_TASK DESCRIPTION_
Everything in the listing below needs restating exactly, apart from the pictures.

_INFORMATION SUPPLIED_
.....
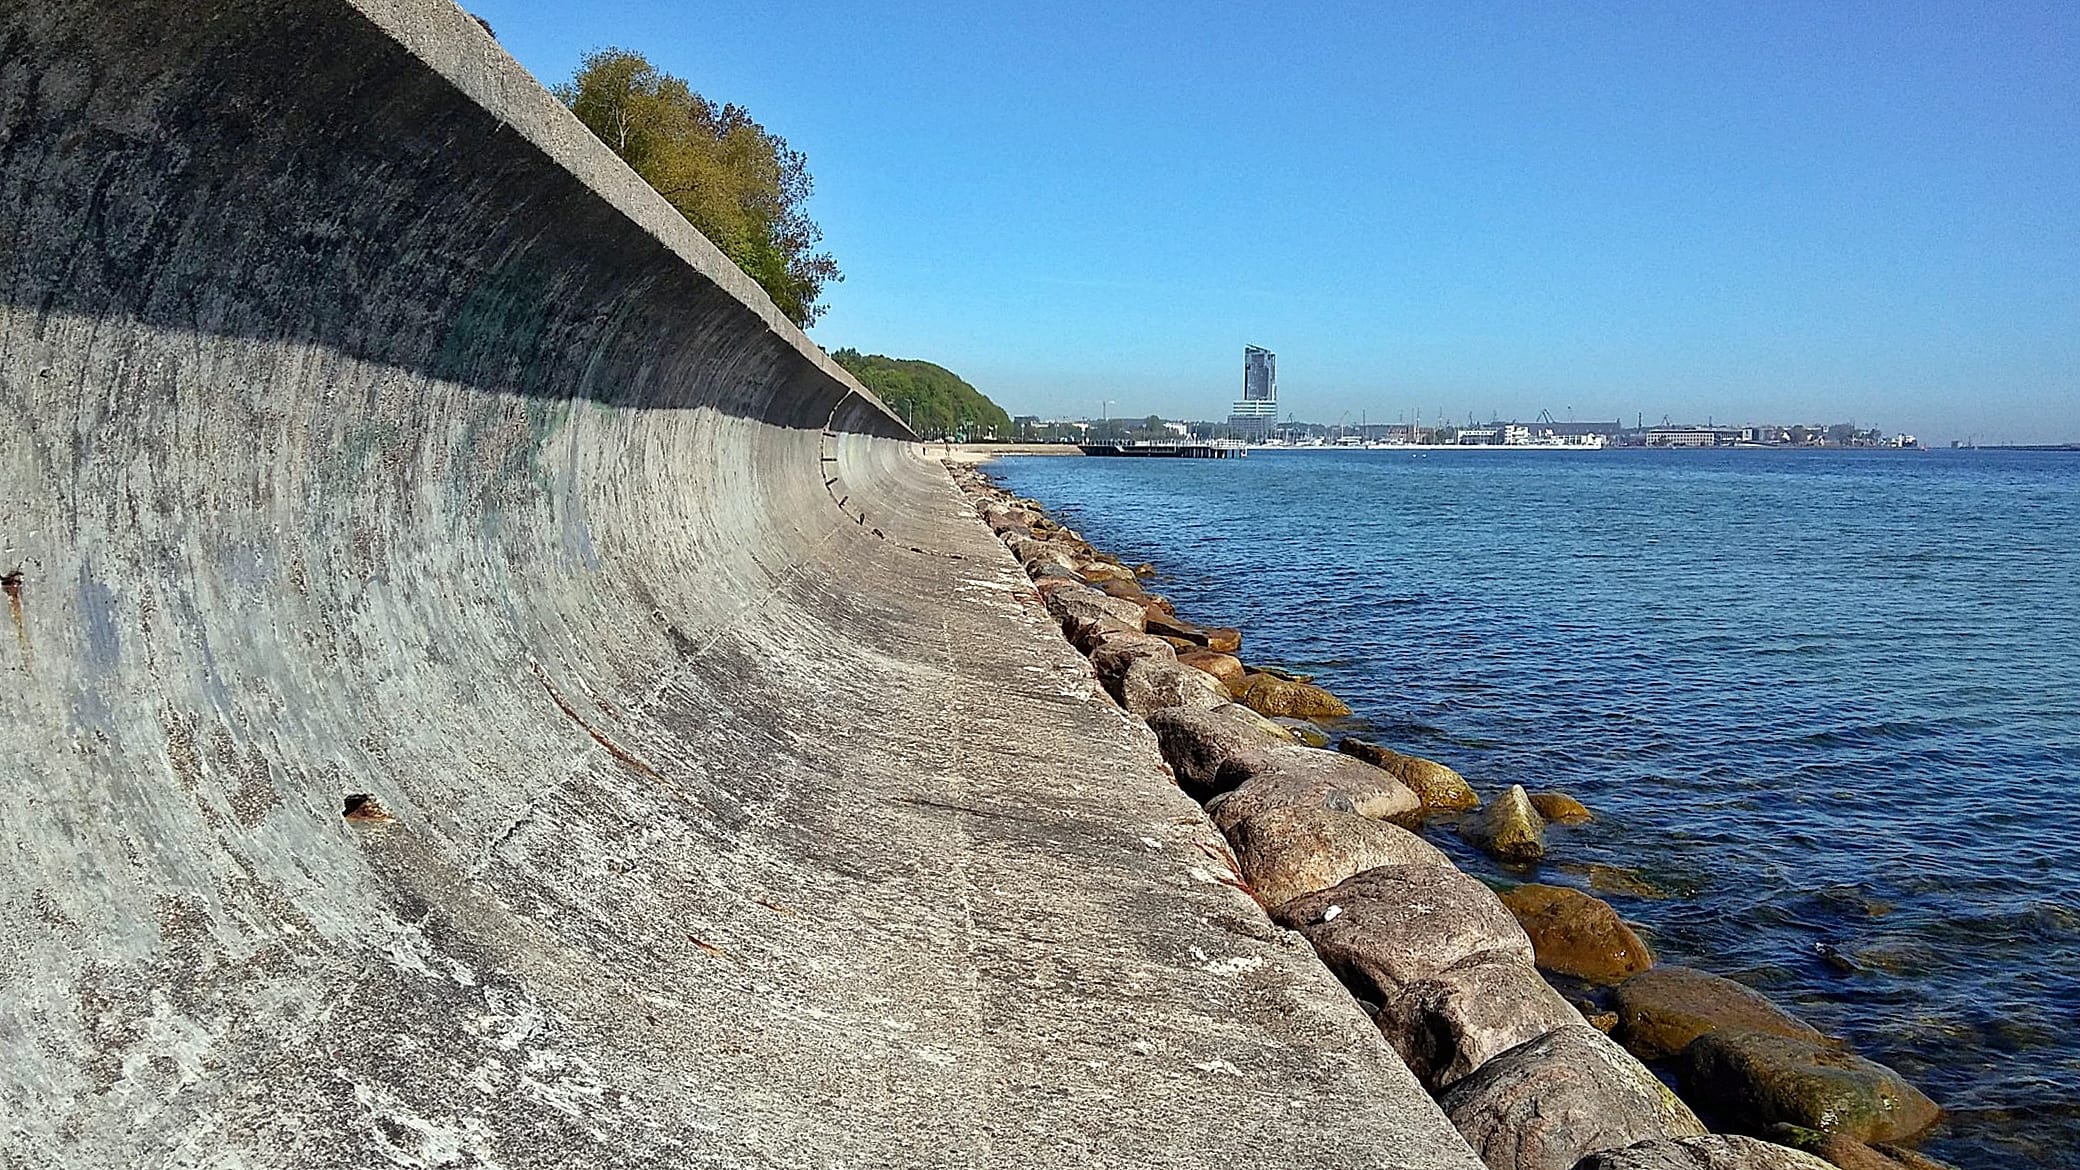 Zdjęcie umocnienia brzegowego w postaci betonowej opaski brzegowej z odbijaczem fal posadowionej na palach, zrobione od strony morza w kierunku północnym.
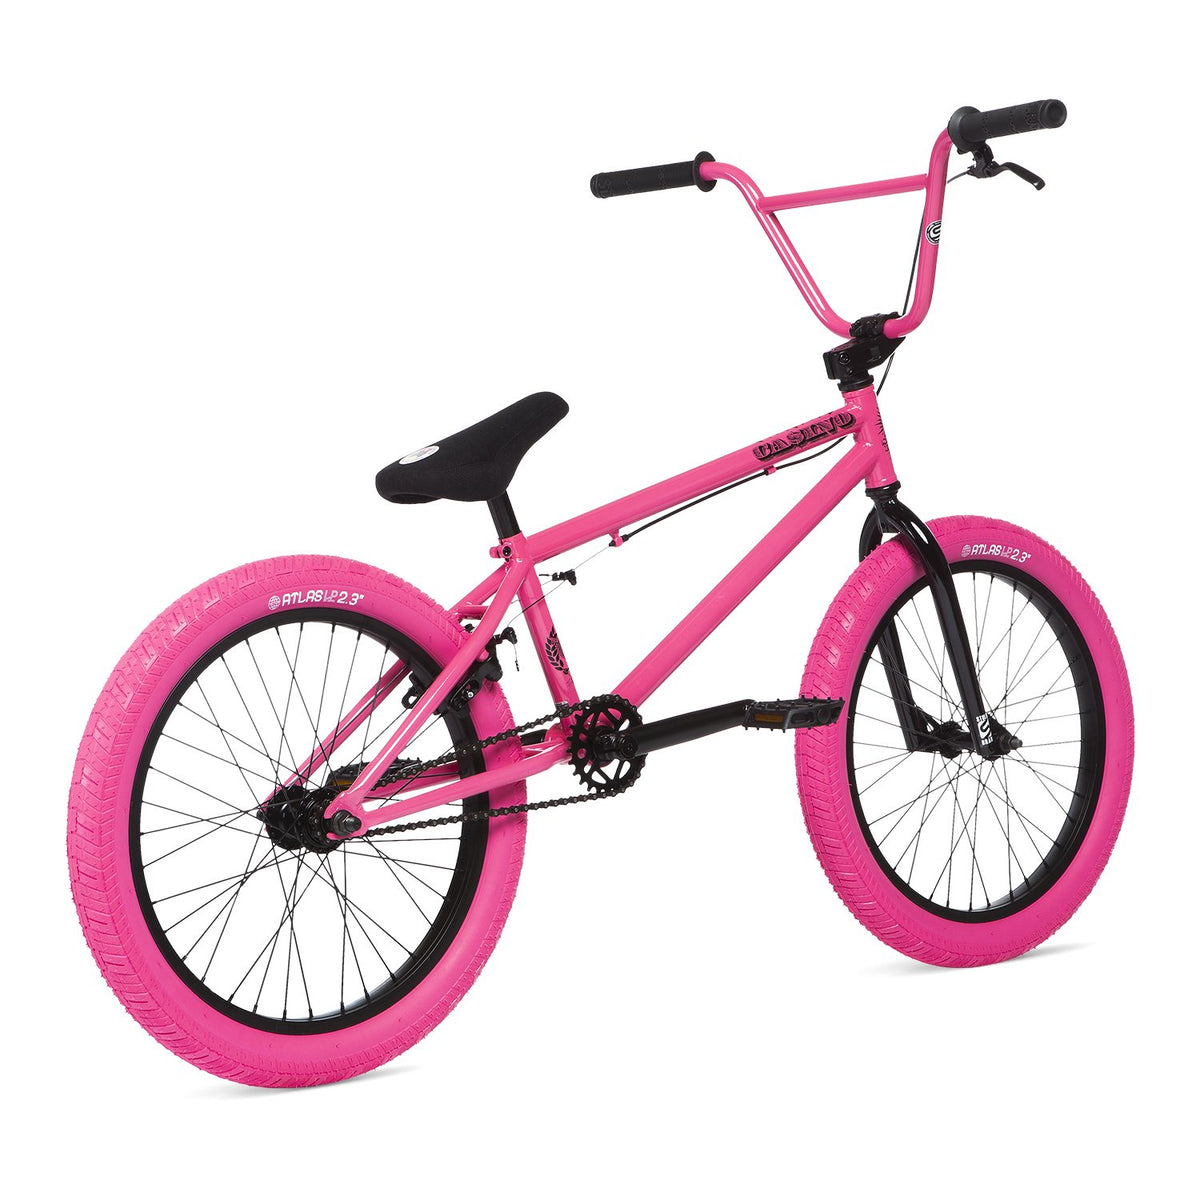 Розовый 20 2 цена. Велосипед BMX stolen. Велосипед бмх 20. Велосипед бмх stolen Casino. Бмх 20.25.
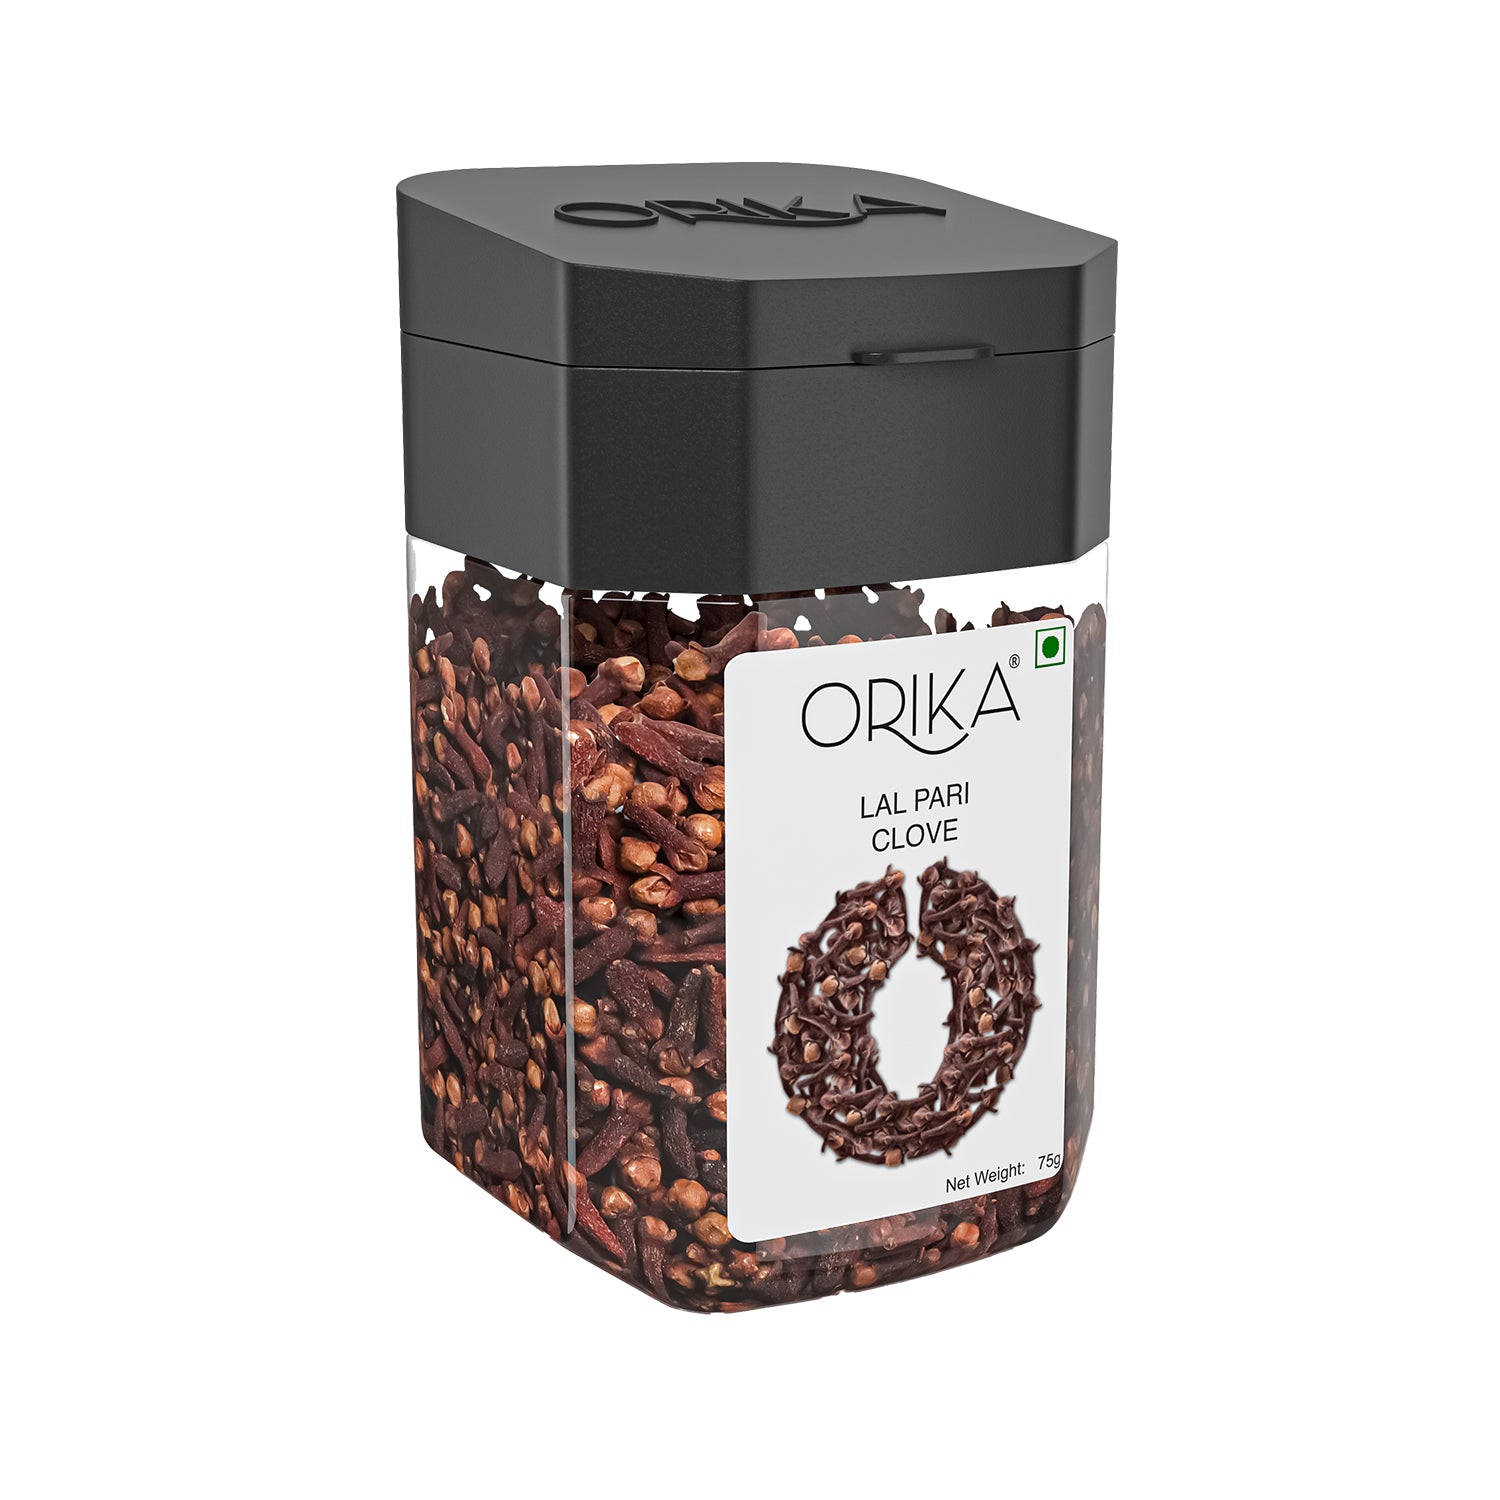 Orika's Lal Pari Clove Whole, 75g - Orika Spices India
.....
_ANSWER SECTION_
 Zdjęcie umocnienia brzegowego w postaci betonowej opaski brzegowej z odbijaczem fal posadowionej na palach, zrobione od strony morza w kierunku północnym.
 Розовый 20 2 цена. Велосипед BMX stolen. Велосипед бмх 20. Велосипед бмх stolen Casino. Бмх 20.25.
 Orika's Lal Pari Clove Whole, 75g - Orika Spices India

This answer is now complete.